I'm willing to stipulate there's an avenue for civil disobedience in which
leaking of private information is used as a way to apply pressure to actors
within the government and private industry who might be sanctioning the NSA's
practices. In other words I could see a course of action that includes
widespread, comprehensive attempts to hack and leak the emails of FISA court
judges, employees and appointees of US intelligence agencies, executives and
board members of companies like AOL, Palantir, and Verizon who are known to
have enthusiastically participated in this surveillance, and elected officials
in the executive or legislative branches of the government who have supported
or perpetuated this spying. The idea being that if the people who keep this
system of surveillance grinding onwards experience the personal consequence of
having their private info leaked to the public, they might reconsider their
actions.

I could see a course of action like this and even agree there's some valid
arguments for it, but it's also incredibly dangerous, and would require, I
dunno, a great deal of judgement and restraint to not cause huge collateral
damage to perfectly innocent people, or to end up ruining the lives of people
who were only tangential participants in the system. In other words, this
strategy is deeply problematic and dangerous at the best of times.

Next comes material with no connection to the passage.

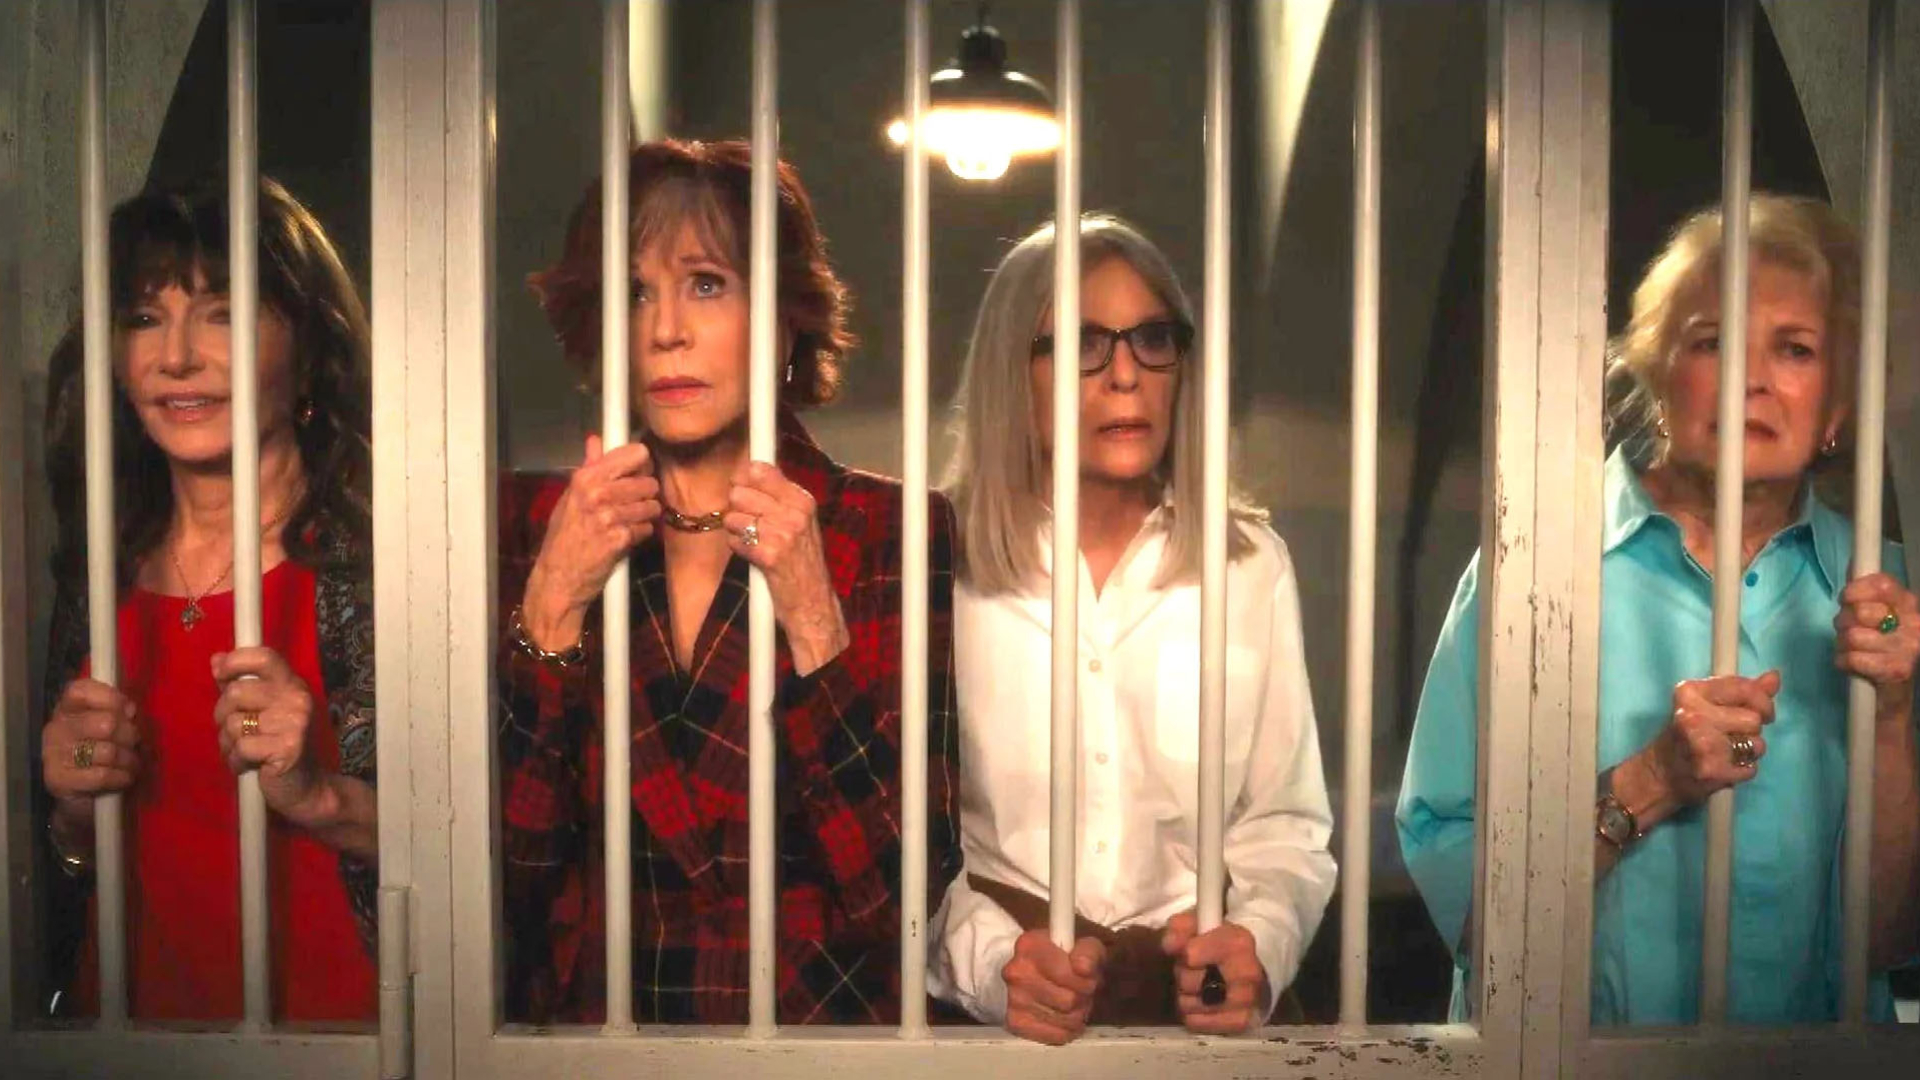 Escena de la cárcel Cuando ellas quieren más Jane Fonda
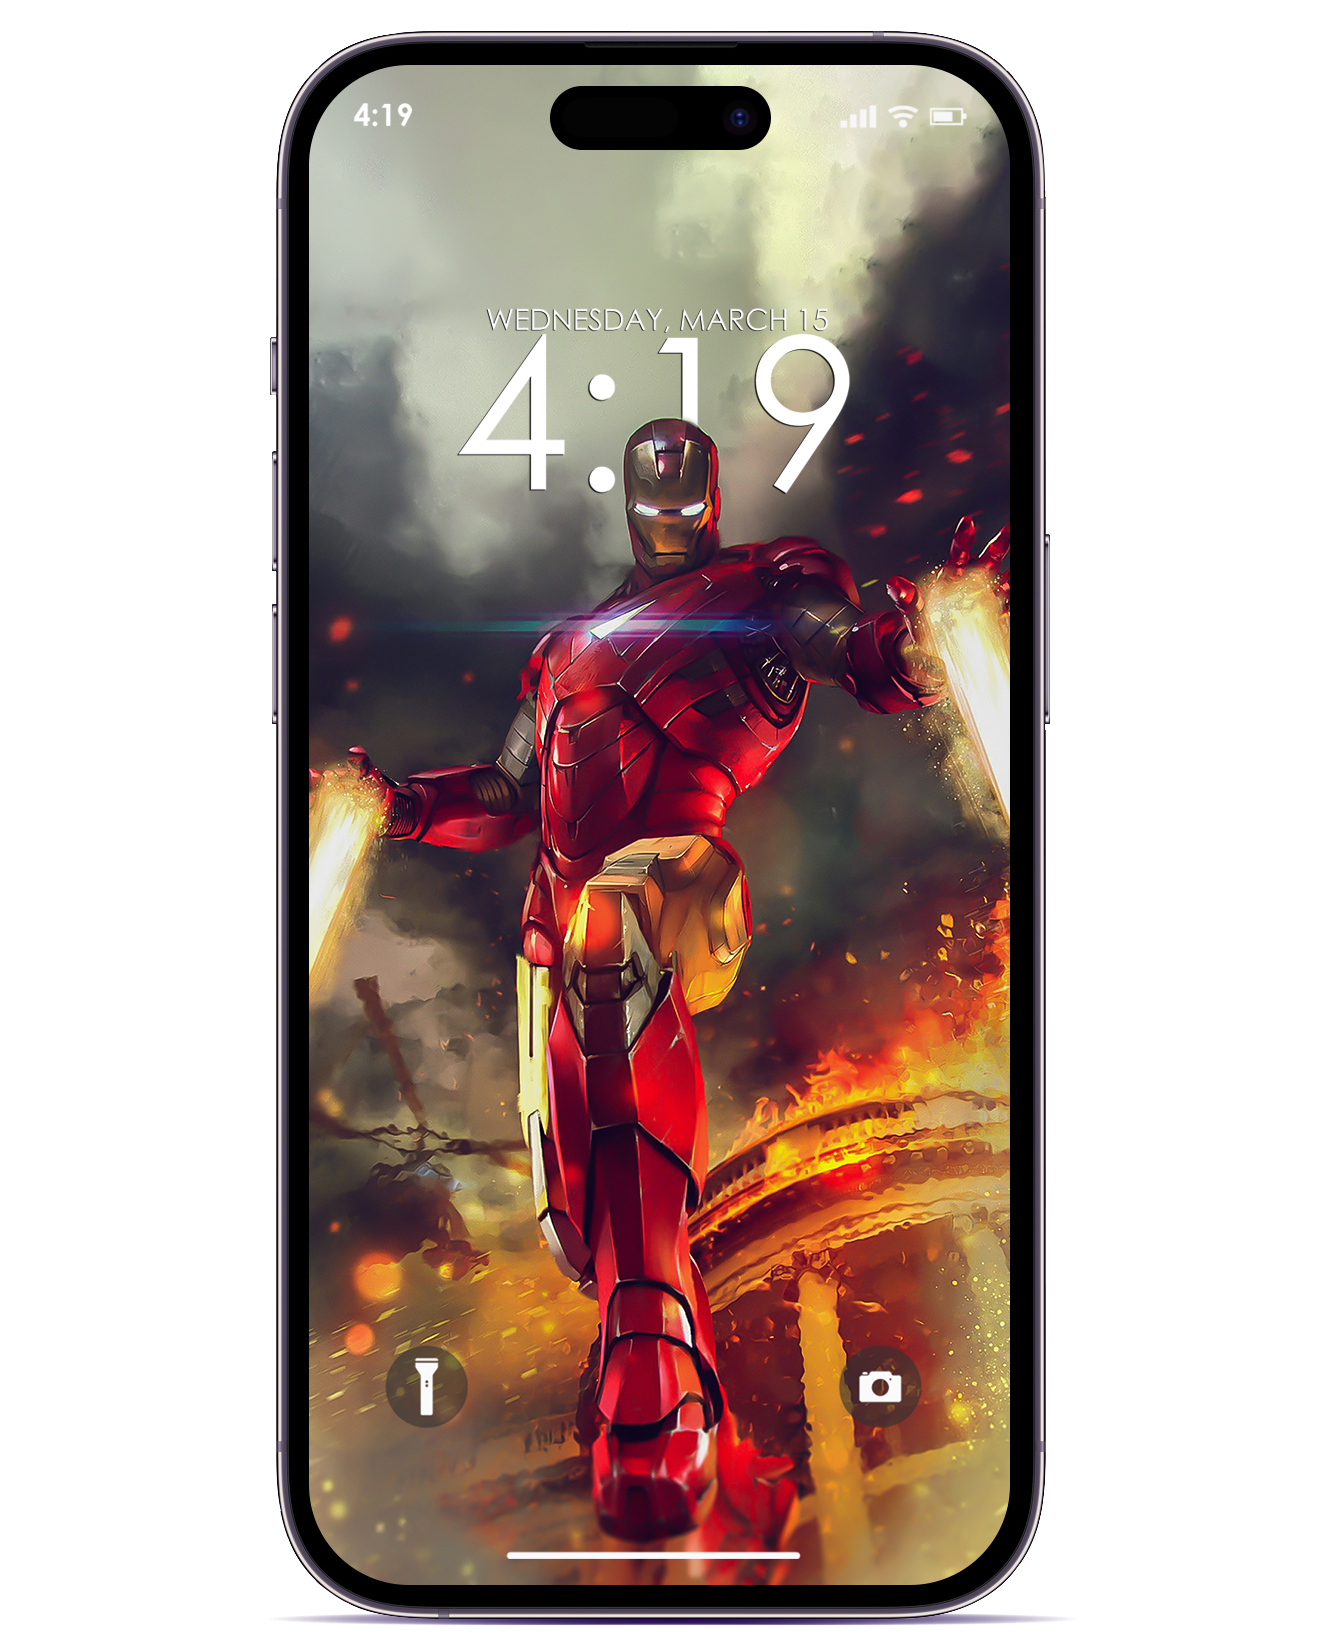 Nếu bạn là fan cuồng nhiệt của Ironman, thì hình nền iOS 16 Ironman chính là lựa chọn hoàn hảo. Với chi tiết tuyệt đẹp và hiệu ứng cực kì ấn tượng, bạn sẽ không ngừng thích thú khi nhìn vào màn hình của mình. Nhấp vào hình ảnh để tìm hiểu thêm và tải xuống hình nền iOS 16 Ironman để tạo một màn hình độc đáo theo phong cách của bạn.

But let's not kid ourselves that that's even what's going on here. You could
try to argue that Hillary Clinton, as the likely next president, is a part of
this system, and so she should be on the list of people who are targeted for
leaking in the course of civil disobedience. But Trump also supports this
surveillance, so he should too. But the thing is, we don't have to guess at
the motives of Wikileaks here, they are quite clearly making no such civil
disobedience claims [1]. And if you look at whose information is being
leaked—Clinton campaign staffers, the DNC—and estimate where these particular
actors fall on the scale of culpability in the NSAs spying (hint: well down
the list), you start to see that trying to ascribe some higher civic purpose
to these _particular_ leaks isn't warranted.

[1] [https://wikileaks.org/podesta-emails/press-
release](https://wikileaks.org/podesta-emails/press-release)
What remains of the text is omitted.